* **RECORDED INFORMATION**
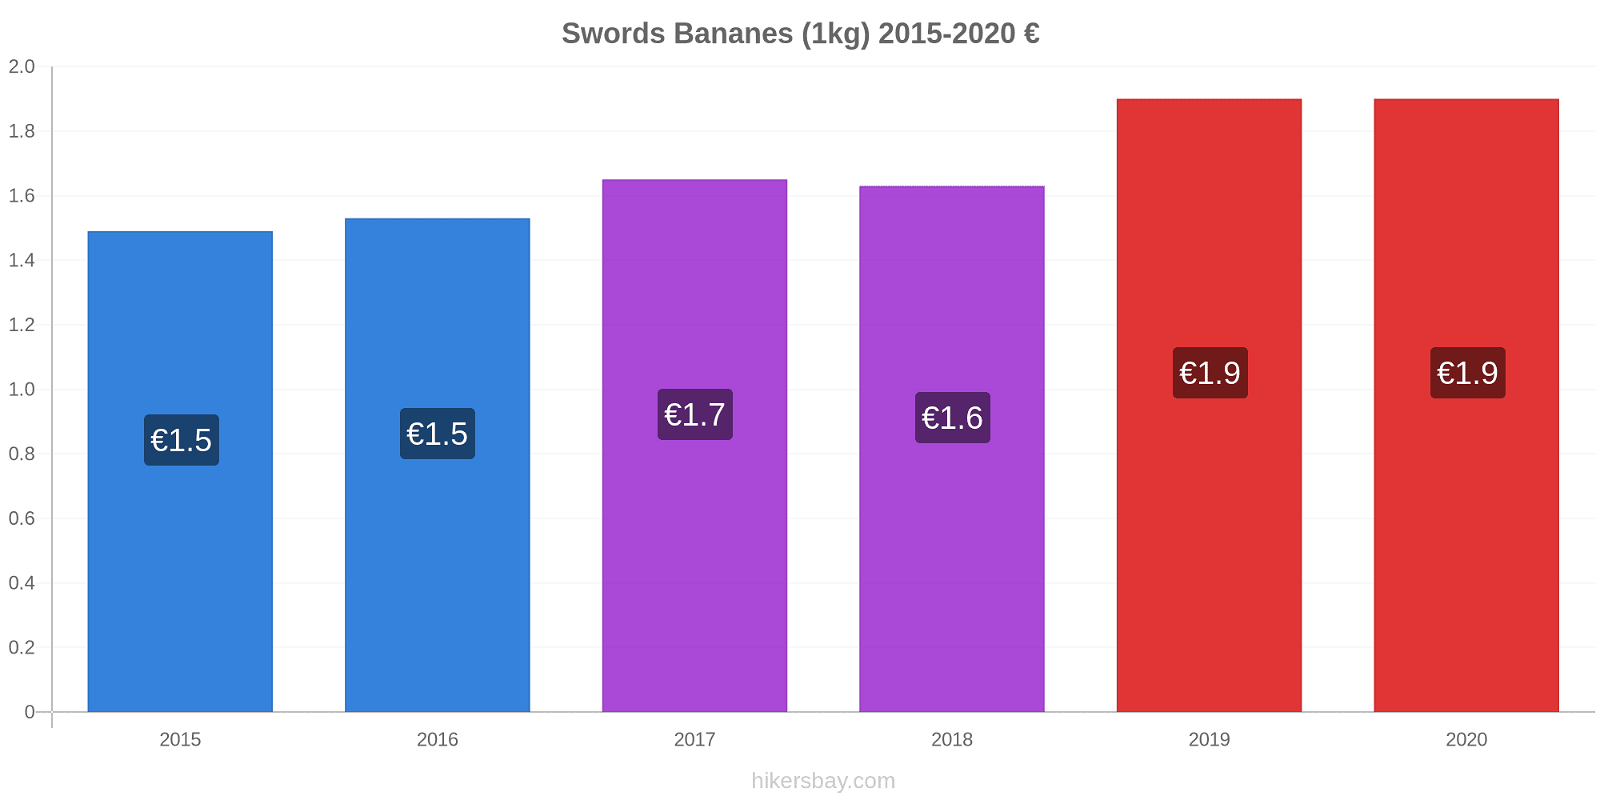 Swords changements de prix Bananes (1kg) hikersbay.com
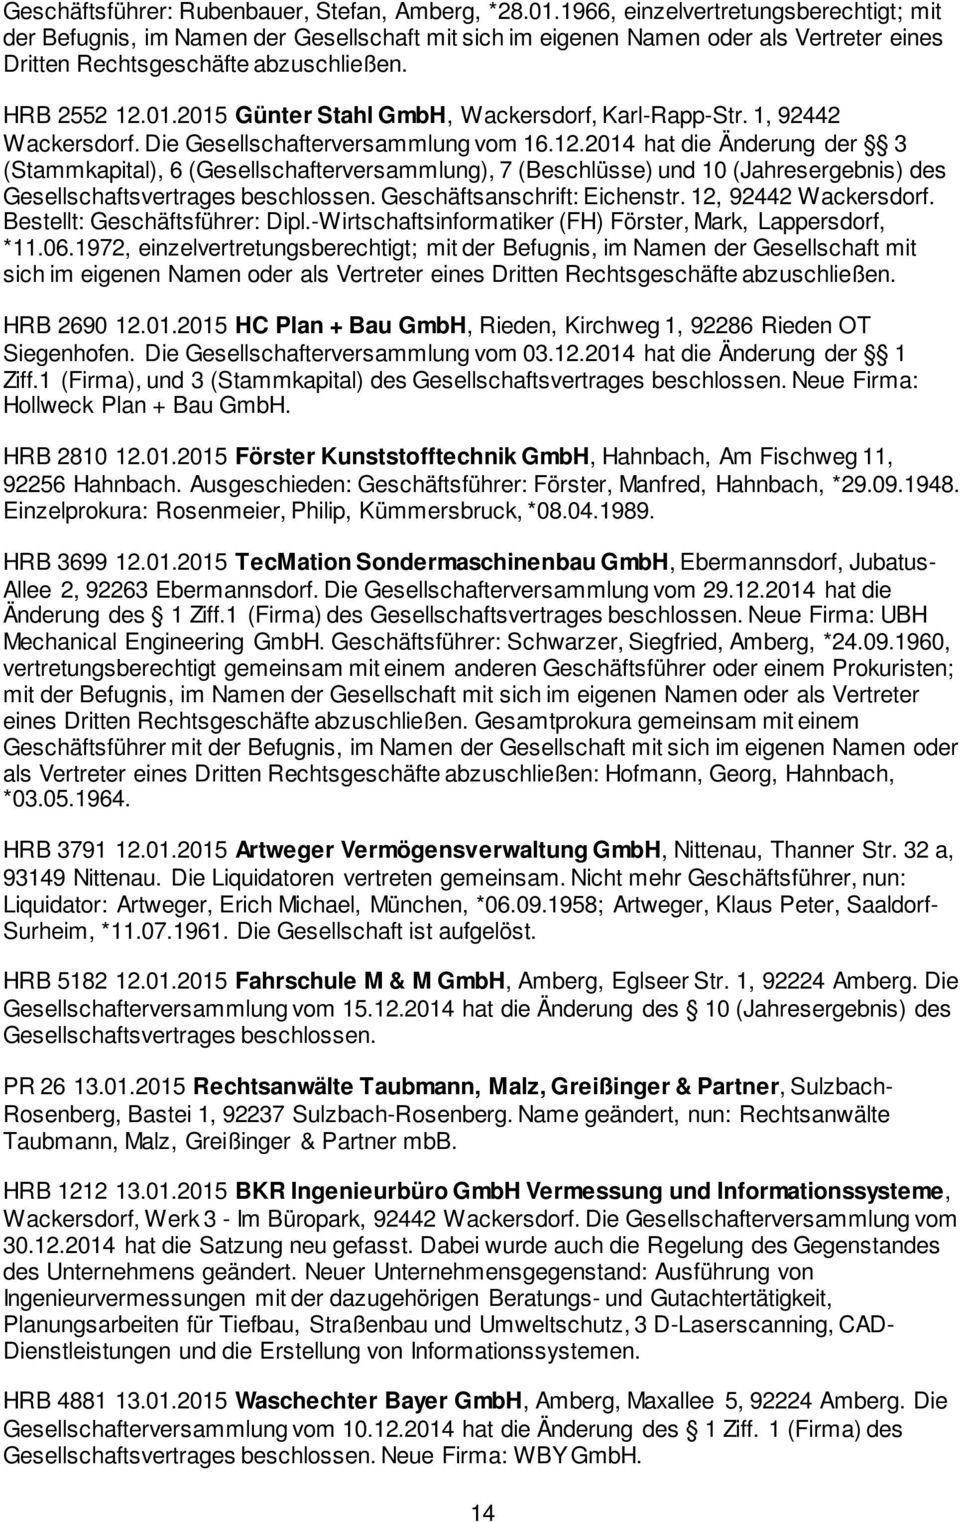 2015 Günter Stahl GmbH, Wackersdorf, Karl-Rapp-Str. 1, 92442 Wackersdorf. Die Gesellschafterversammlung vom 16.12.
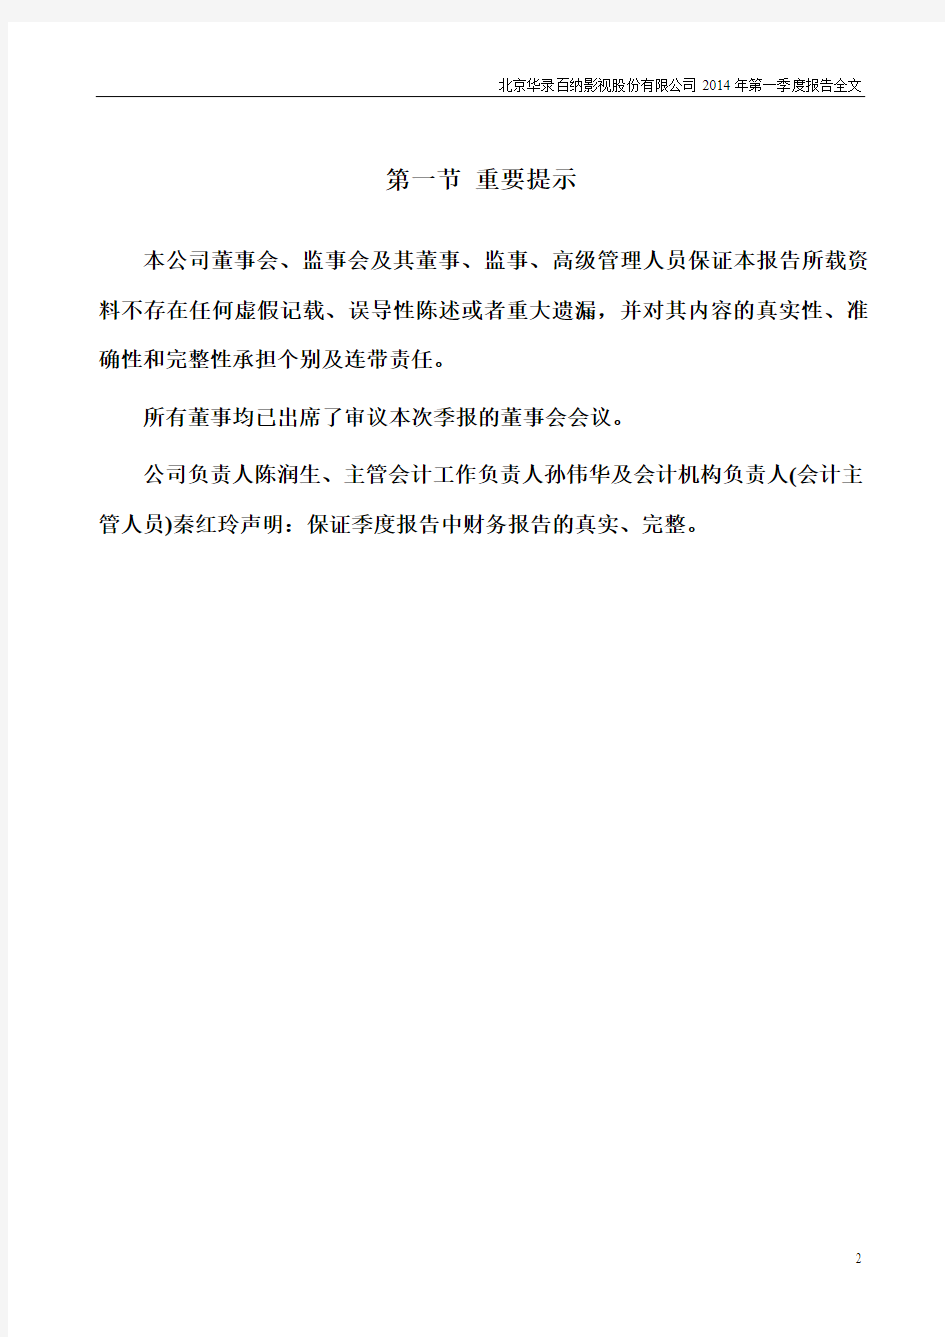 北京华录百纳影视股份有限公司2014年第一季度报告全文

* **REQUIREMENT**
Omit the pictures, and quote the material above exactly as given.

* **RESULT**
 Swords changements de prix Bananes (1kg) hikersbay.com
 2015 Günter Stahl GmbH, Wackersdorf, Karl-Rapp-Str. 1, 92442 Wackersdorf. Die Gesellschafterversammlung vom 16.12.
 北京华录百纳影视股份有限公司2014年第一季度报告全文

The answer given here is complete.